◆ **Aim of the task**
Retype the listing exactly, with no images.

◆ **Dataset excerpt**
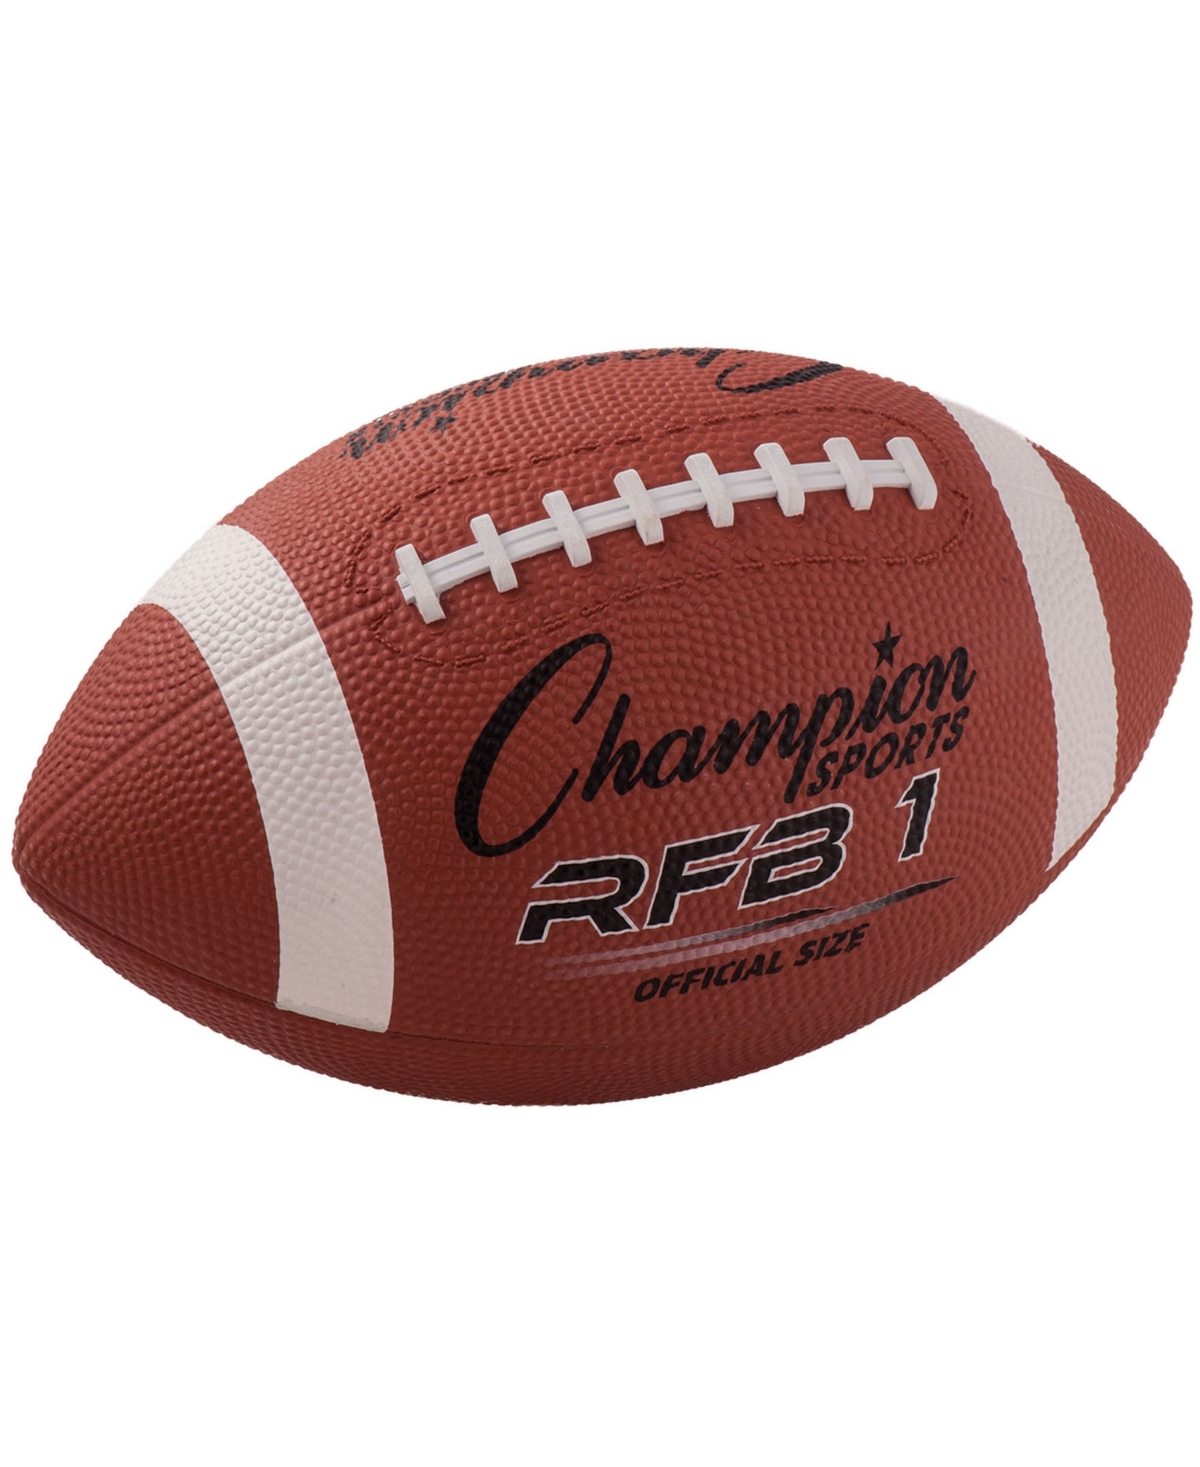 Champion Sports Rubber Football In Brown
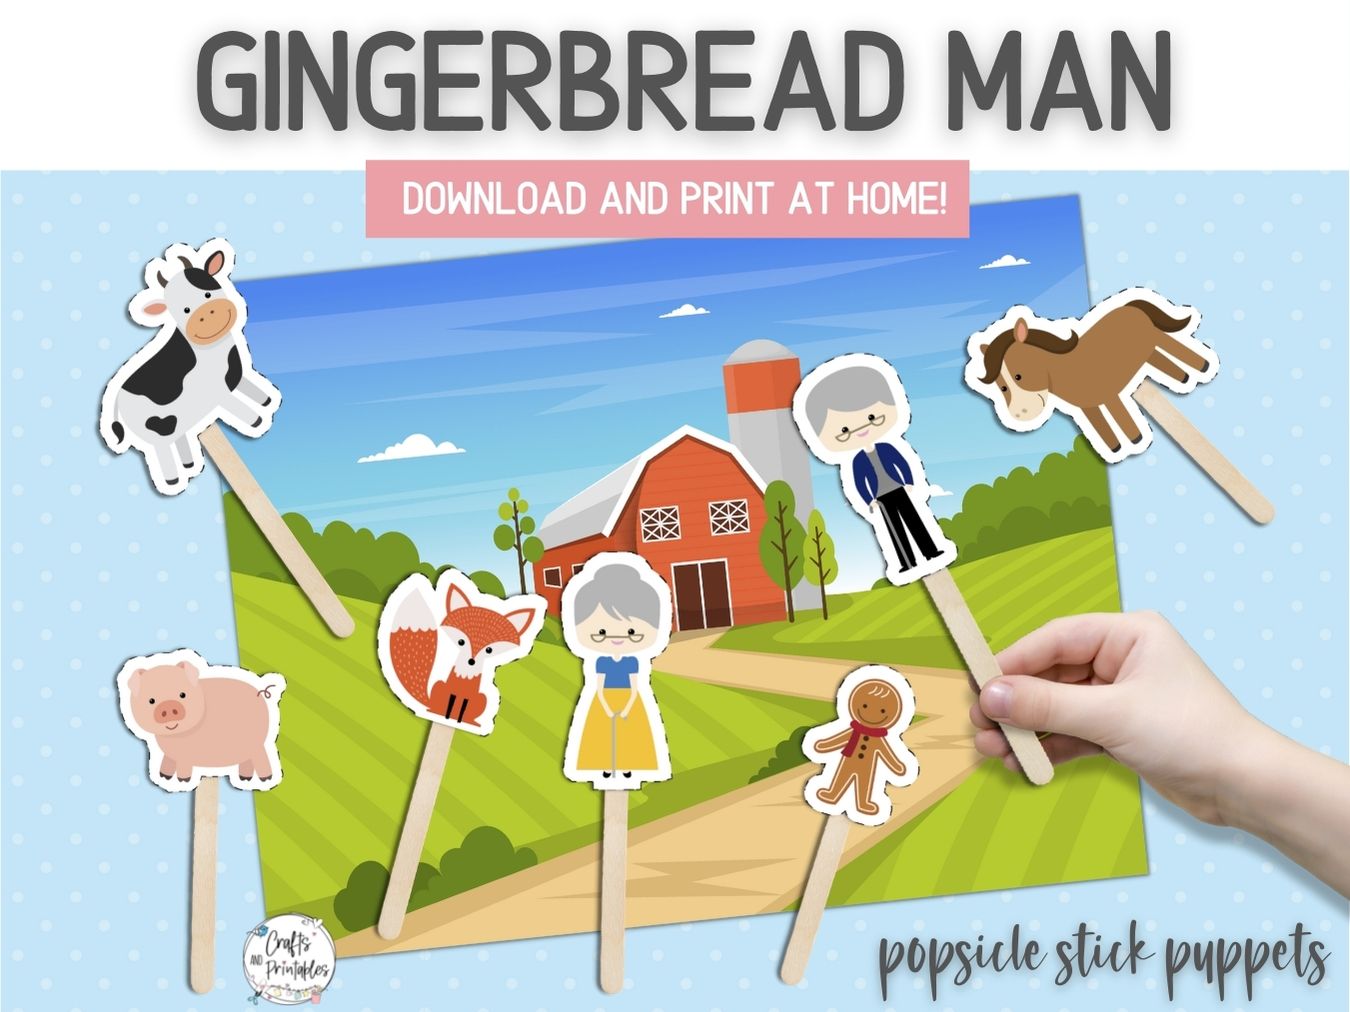 gingerbread-man-popsicle-stick-puppets-printable-crafts-and-printables-shop
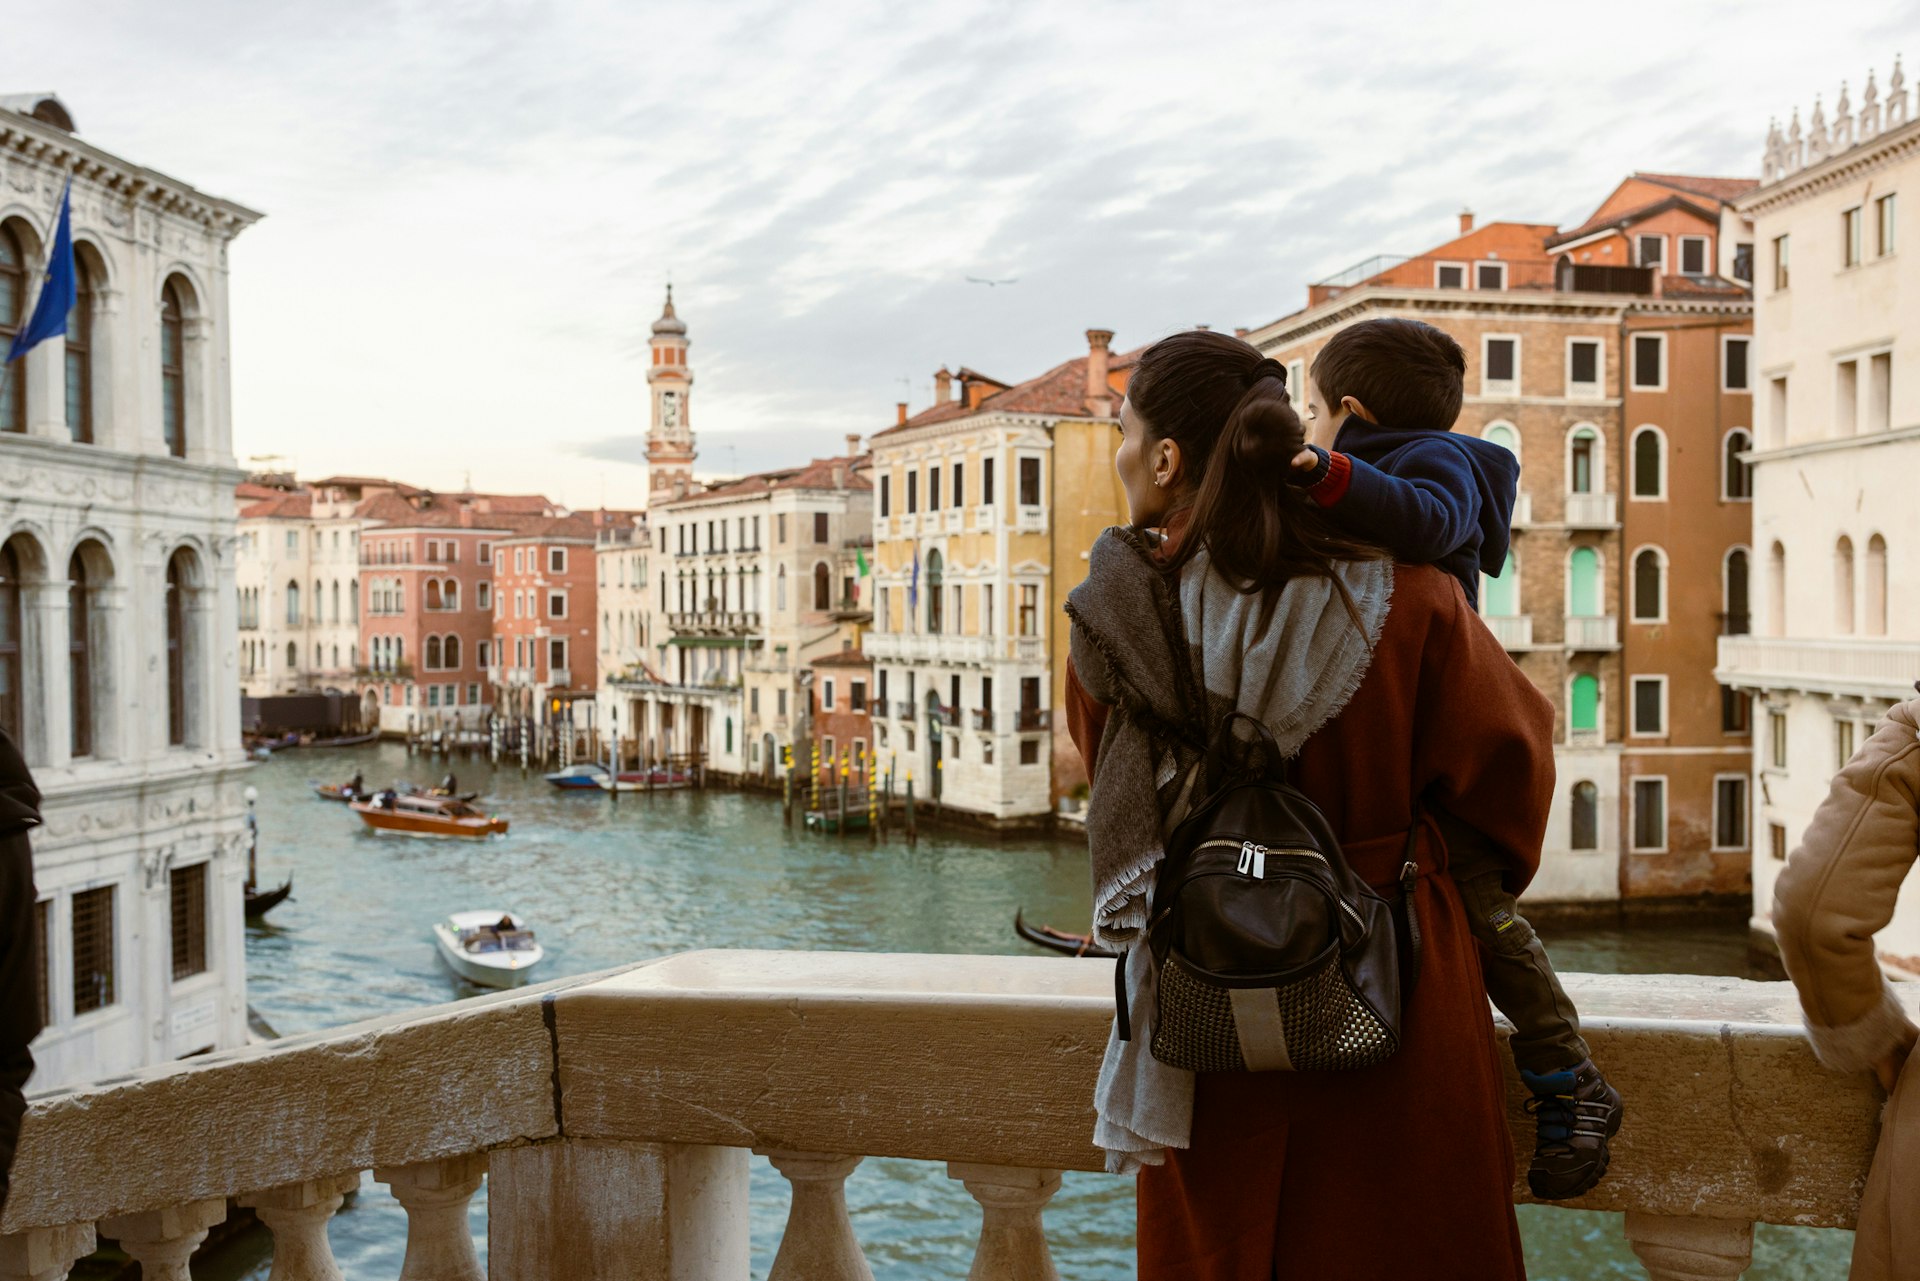 Mother is carrying her son as they enjoy a tourist visit to Venice. They are standing on a bridge overlooking the Grand Canal, with gondolas and boats passing by. The magnificent architecture and stunning waterways of Venice are on full display, providing a picturesque backdrop for their memorable trip
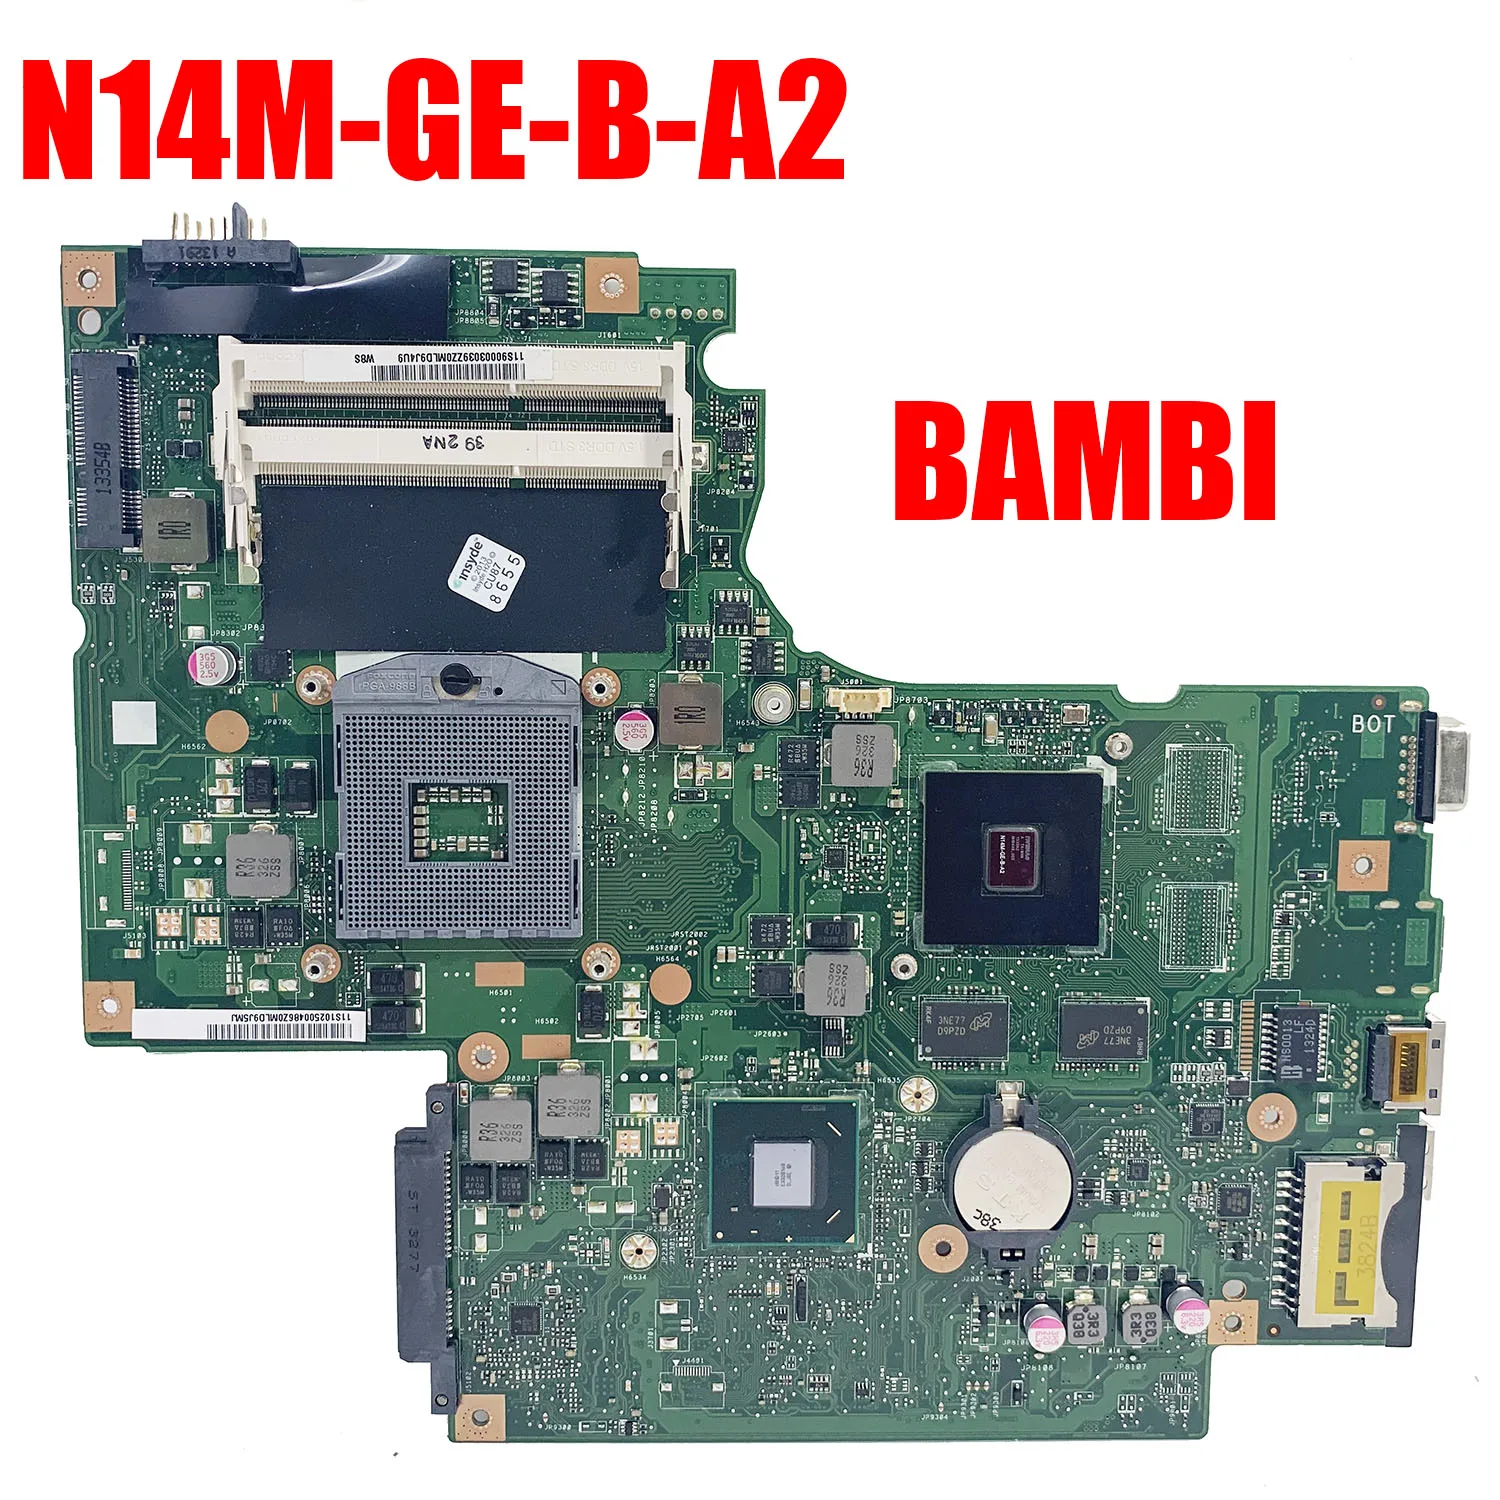 

90003229 laptop motherboard HM76 Chip BAMBI MAIN BOARD REV:2.1 fit for Lenovo G700 Notebook pc system board with GT 720M graphic

◆ **Response for this exercise**
 Champion Sports Rubber Football In Brown
 gingerbread-man-popsicle-stick-puppets-printable-crafts-and-printables-shop
 Mother is carrying her son as they enjoy a tourist visit to Venice. They are standing on a bridge overlooking the Grand Canal, with gondolas and boats passing by. The magnificent architecture and stunning waterways of Venice are on full display, providing a picturesque backdrop for their memorable trip

90003229 laptop motherboard HM76 Chip BAMBI MAIN BOARD REV:2.1 fit for Lenovo G700 Notebook pc system board with GT 720M graphic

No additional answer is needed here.